For optimization, task_lock() is additionally used to protect
task->cgroups.  The optimization is pretty dubious as either
css_set_rwsem is grabbed anyway or PF_EXITING already protects
task->cgroups.  It adds only overhead and confusion at this point.
Let's drop task_[un]lock() and update comments accordingly.

Signed-off-by: Tejun Heo <tj-DgEjT+Ai2ygdnm+yROfE0A@public.gmane.org>
---
 include/linux/cgroup.h |  6 ++--
 kernel/cgroup.c        | 97 +++++++++++++-------------------------------------
 2 files changed, 28 insertions(+), 75 deletions(-)

diff --git a/include/linux/cgroup.h b/include/linux/cgroup.h
index 366a2cc..588cc9a 100644
--- a/include/linux/cgroup.h
+++ b/include/linux/cgroup.h
@@ -650,10 +650,12 @@ struct cgroup_subsys_state *css_parent(struct cgroup_subsys_state *css)
  */
 #ifdef CONFIG_PROVE_RCU
 extern struct mutex cgroup_mutex;
+extern struct rw_semaphore css_set_rwsem;
 #define task_css_set_check(task, __c)					\
 	rcu_dereference_check((task)->cgroups,				\
-		lockdep_is_held(&(task)->alloc_lock) ||			\
-		lockdep_is_held(&cgroup_mutex) || (__c))

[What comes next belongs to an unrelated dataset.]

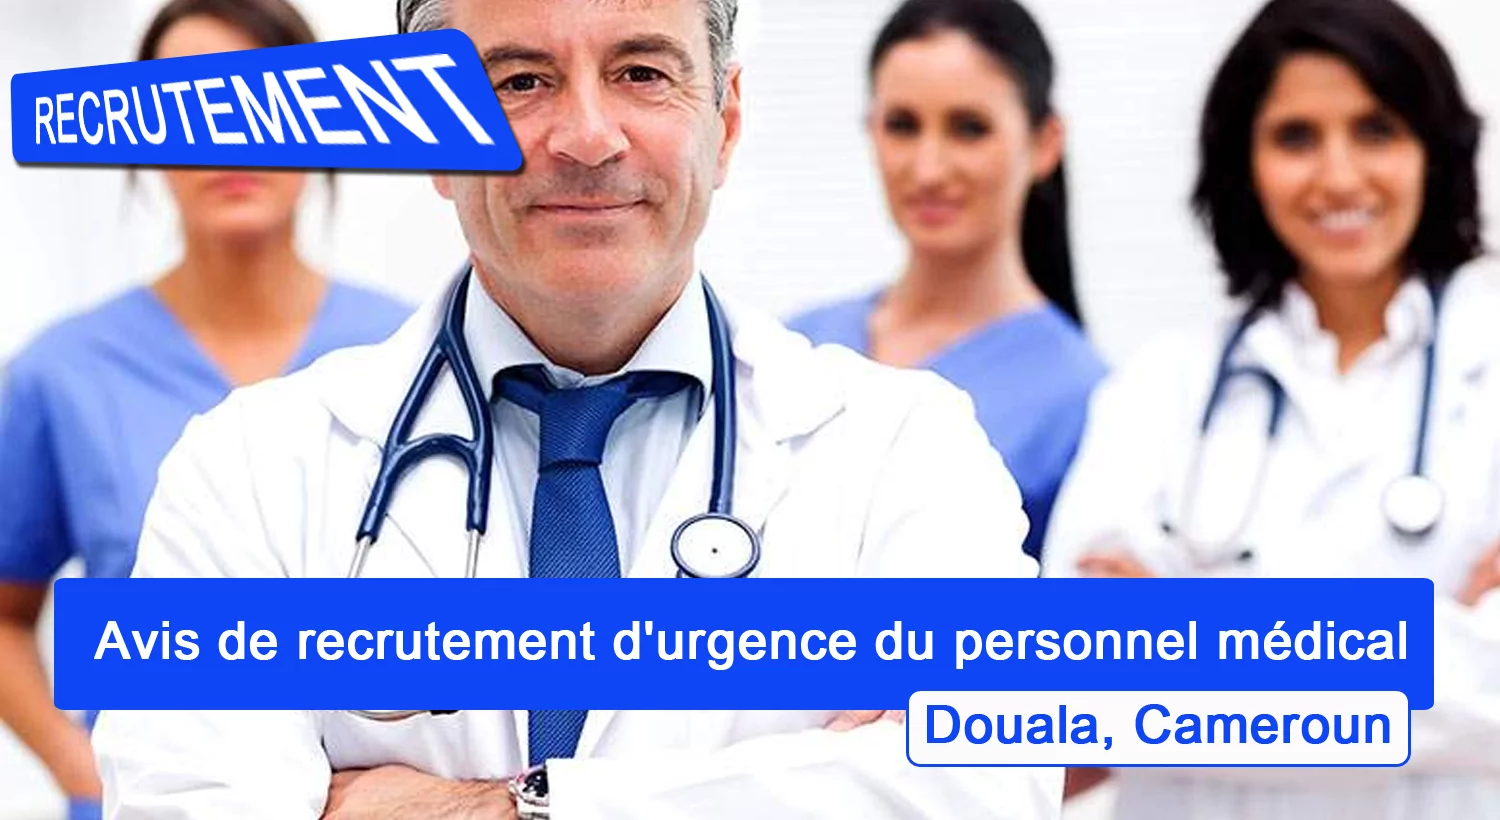 Avis de recrutement d’urgence du personnel médical, Douala Cameroun

+		lockdep_is_held(&cgroup_mutex) ||			\
+		lockdep_is_held(&css_set_rwsem) ||			\
+		((task)->flags & PF_EXITING) || (__c))
 #else
 #define task_css_set_check(task, __c)					\
 	rcu_dereference((task)->cgroups)
diff --git a/kernel/cgroup.c b/kernel/cgroup.c
index 1fdc38e..e373520 100644
--- a/kernel/cgroup.c
+++ b/kernel/cgroup.c
@@ -80,12 +80,21 @@ static DEFINE_MUTEX(cgroup_tree_mutex);
 /*
  * cgroup_mutex is the master lock.  Any modification to cgroup or its
  * hierarchy must be performed while holding it.
+ *
+ * css_set_rwsem protects task->cgroups pointer, the list of css_set
+ * objects, and the chain of tasks off each css_set.
+ *
+ * These locks are exported if CONFIG_PROVE_RCU so that accessors in
+ * cgroup.h can use them for lockdep annotations.
  */
 #ifdef CONFIG_PROVE_RCU
 DEFINE_MUTEX(cgroup_mutex);
-EXPORT_SYMBOL_GPL(cgroup_mutex);	/* only for lockdep */
+DECLARE_RWSEM(css_set_rwsem);
+EXPORT_SYMBOL_GPL(cgroup_mutex);
+EXPORT_SYMBOL_GPL(css_set_rwsem);
 #else
 static DEFINE_MUTEX(cgroup_mutex);
+static DECLARE_RWSEM(css_set_rwsem);
 #endif
 
 /*
@@ -338,12 +347,6 @@ struct cgrp_cset_link {
 
 static struct css_set init_css_set;
 static struct cgrp_cset_link init_cgrp_cset_link;
-
-/*
- * css_set_rwsem protects the list of css_set objects, and the chain of
- * tasks off each css_set.
- */
-static DECLARE_RWSEM(css_set_rwsem);
 static int css_set_count;
 
 /*
@@ -803,10 +806,6 @@ static struct cgroup *task_cgroup_from_root(struct task_struct *task,
 }
 
 /*
- * There is one global cgroup mutex. We also require taking
- * task_lock() when dereferencing a task's cgroup subsys pointers.
- * See "The task_lock() exception", at the end of this comment.
- *
  * A task must hold cgroup_mutex to modify cgroups.
  *
  * Any task can increment and decrement the count field without lock.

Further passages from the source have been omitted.